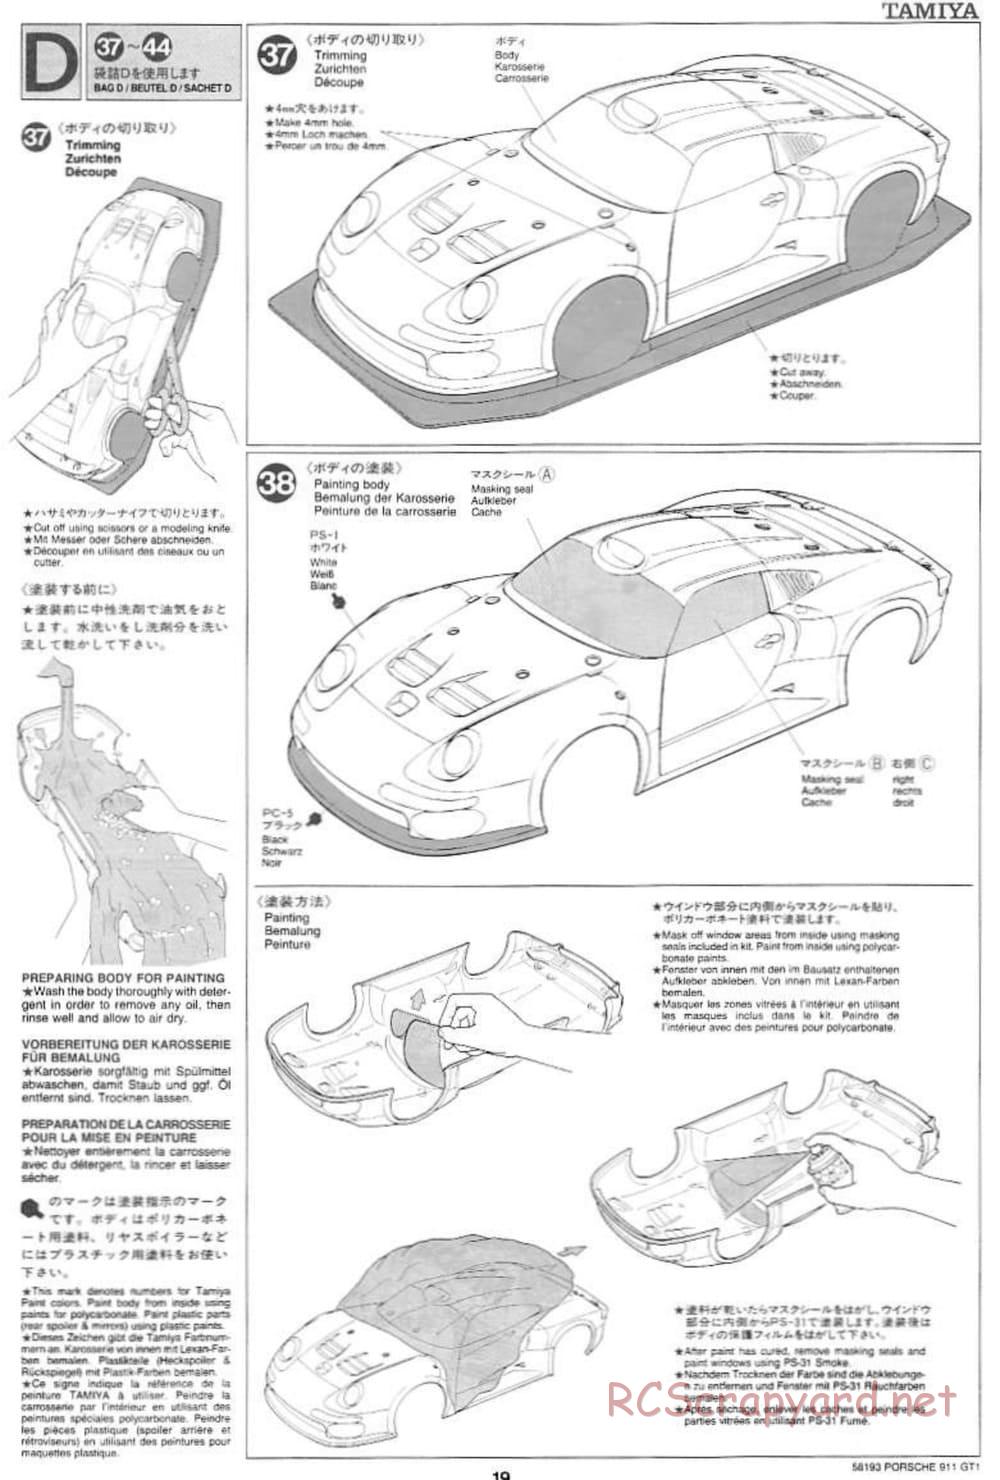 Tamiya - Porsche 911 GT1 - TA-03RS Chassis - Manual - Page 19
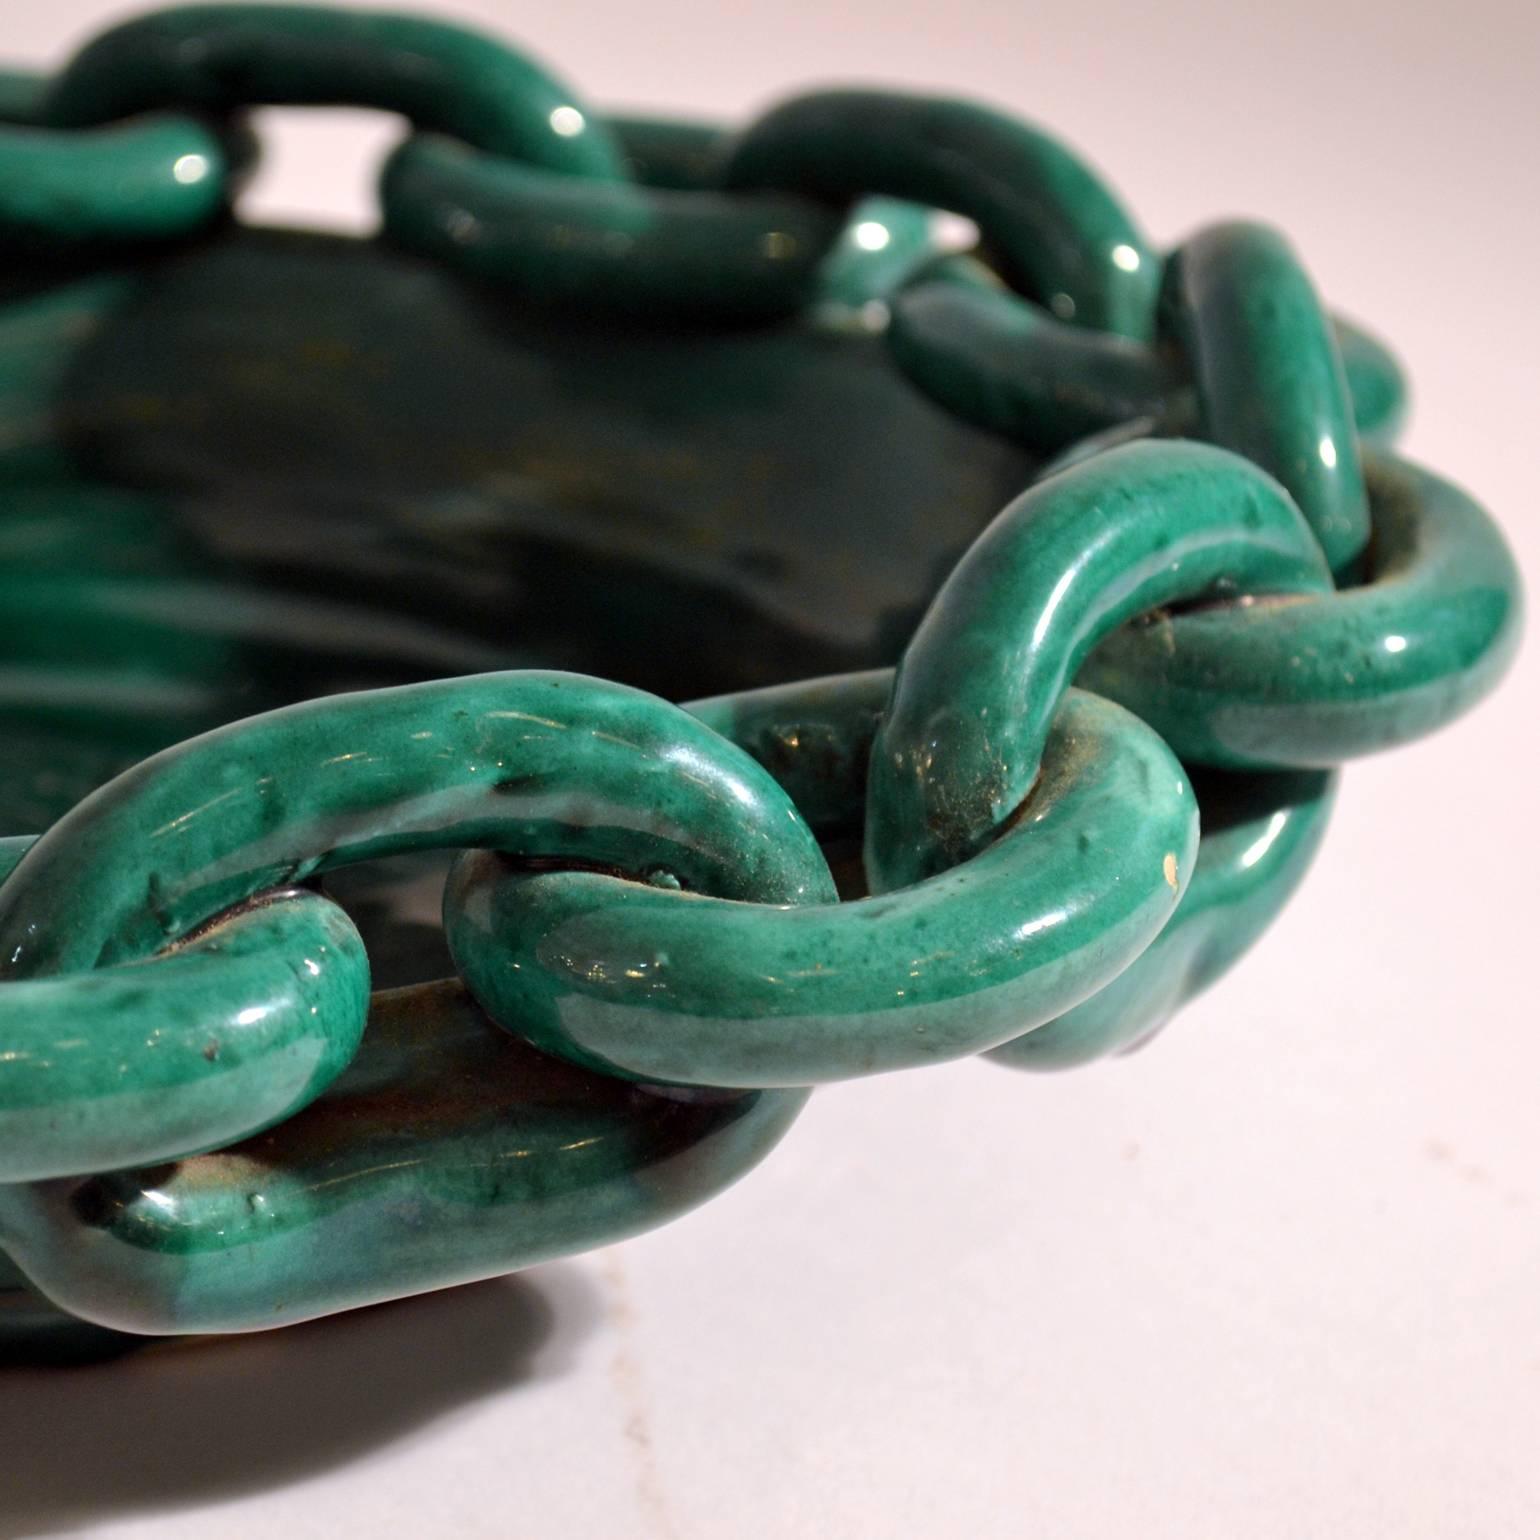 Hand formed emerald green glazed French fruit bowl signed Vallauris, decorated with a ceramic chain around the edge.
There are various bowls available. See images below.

### Aim of the exercise:
Repeat the listing above word for word. Do not include the pictures.

### Result:
 Tamiya - Porsche 911 GT1 - TA-03RS Chassis - Manual - Page 19
 Hand formed emerald green glazed French fruit bowl signed Vallauris, decorated with a ceramic chain around the edge.
There are various bowls available. See images below.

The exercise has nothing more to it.